Staines Moor consists of alluvial flood meadows, the King George VI Reservoir, the Staines Reservoirs and a stretch of the River Colne. Three of the six main distributaries of the River Colne run southward through it. The moor consists of rich alluvial soil on a bed of clay, a soil which is much more thick and naturally fertile compared with most of the patchy humus in the topsoil in the large historic parishes to the east such as Ashford, Stanwell, Harmondsworth, Bedfont and Feltham, which have thin, less moist humus on gravel-rich clay, formed by the ancient terraces of the Thames in the same way as the inland parts of the riverside parishes. As such rich pasture is the primary use of the land. Meads would be a more accurate term, as moor implies stony land or waste (infertile land). In the far south of the area mill mead was between two stream channels of the river, where the shopping centre Two Rivers has been built.

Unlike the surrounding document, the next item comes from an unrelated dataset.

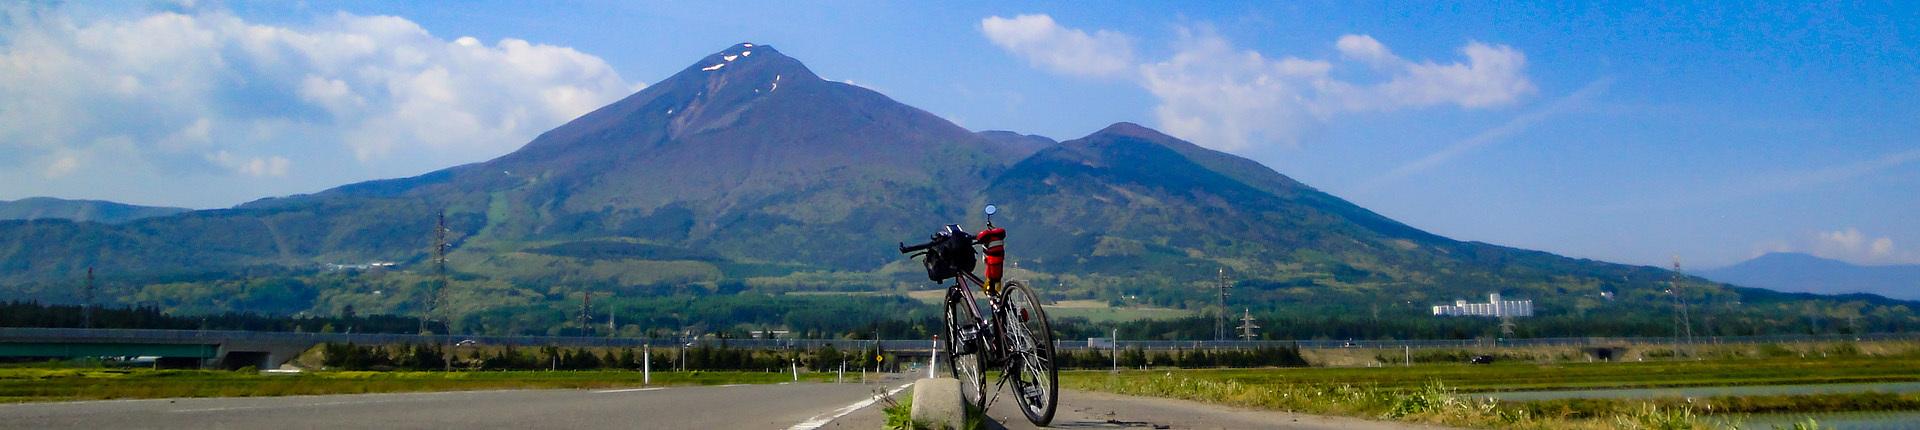 東京-福島300km 往復600kmサイクリング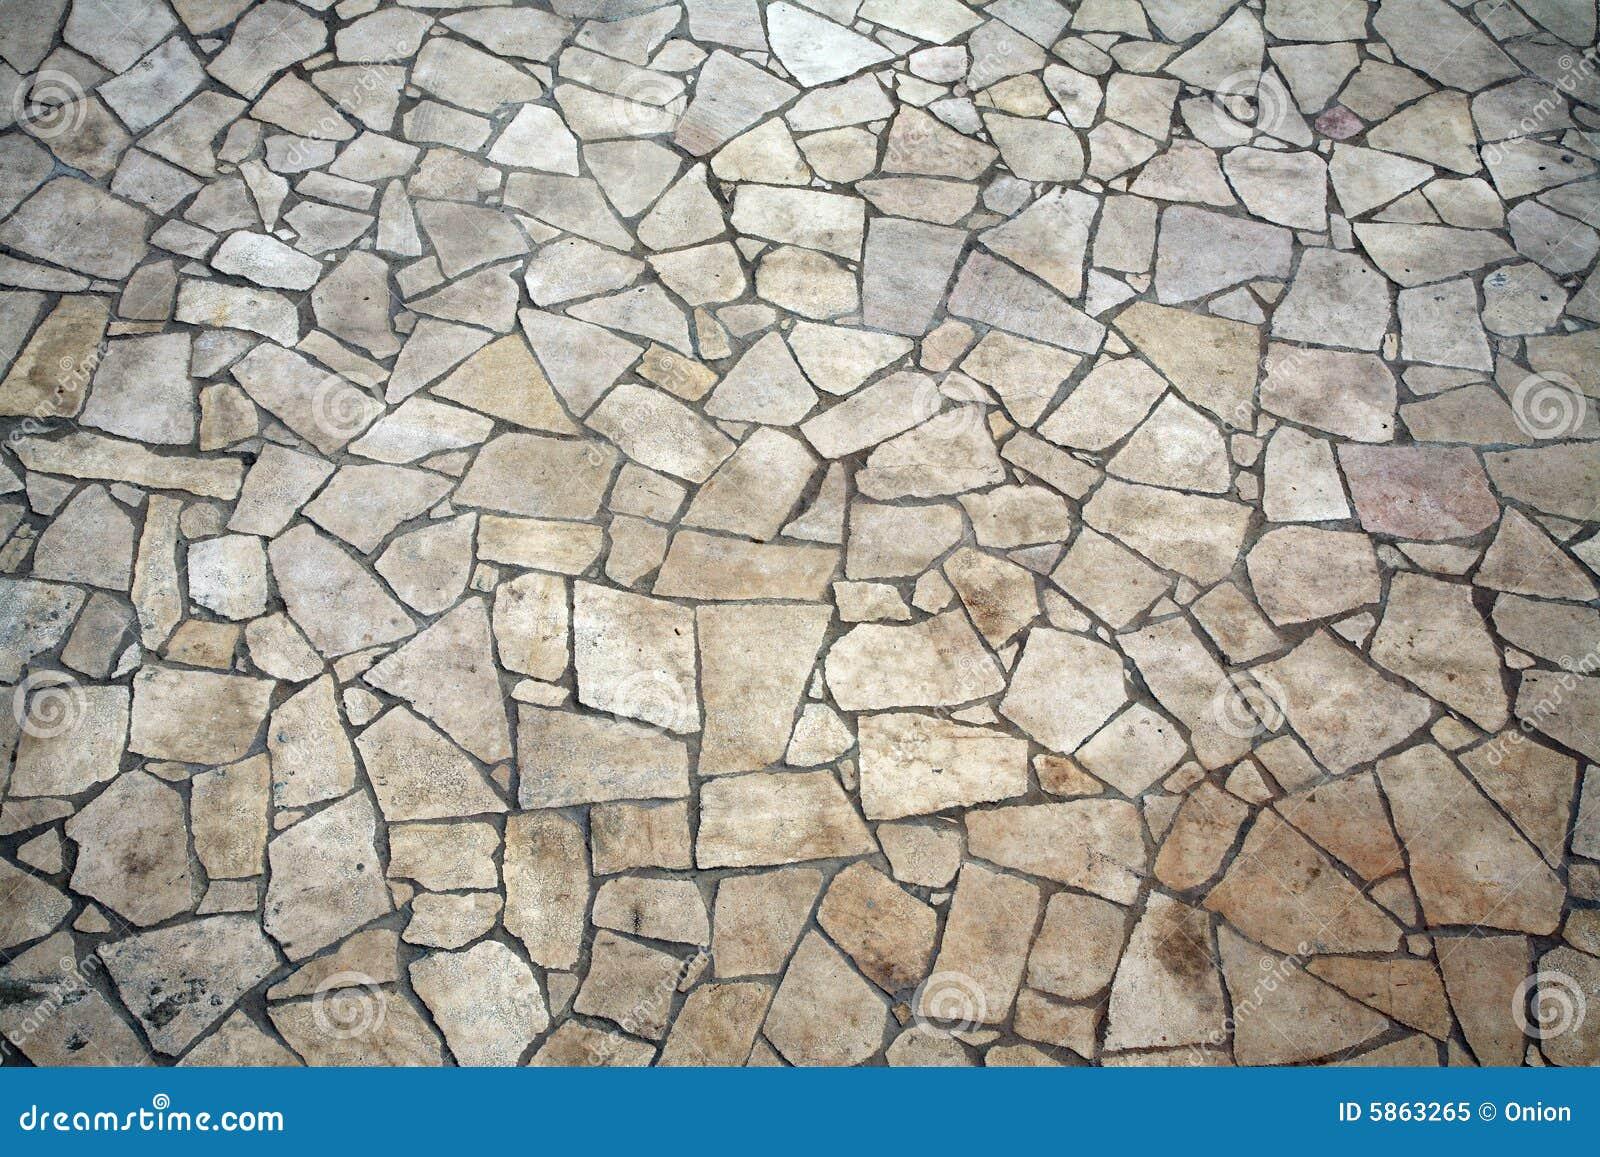 Suelo de piedra de forma irregular foto de archivo libre - Suelo de piedra ...

The Staines Moor SSSI also includes King George VI Reservoir which is to the east. The reservoir carries nationally important wintering populations of tufted ducks, pochard, goosander and common goldeneye. The moor is separated from Wraysbury Reservoir to the west by the M25 and a footpath-accessible viaduct once used by the short-lived Staines and West Drayton Railway.

==History==
The moor has been common land since 1065, and anyone owning grazing animals who registers with the local authority is entitled to graze stock on it. The traditional limit of livestock a person could leave to graze on the common was one horse and two cattle per head. Formerly the commoners were any people who lived in the parish of Staines, which since the mid-20th century has had three Church of England churches, whereas before the mid-19th century it had just one church. The part of the moor north of the A30 is indivisible from Stanwell Moor's remaining moor occupying most of that late 20th-century small village, which was before then a hamlet.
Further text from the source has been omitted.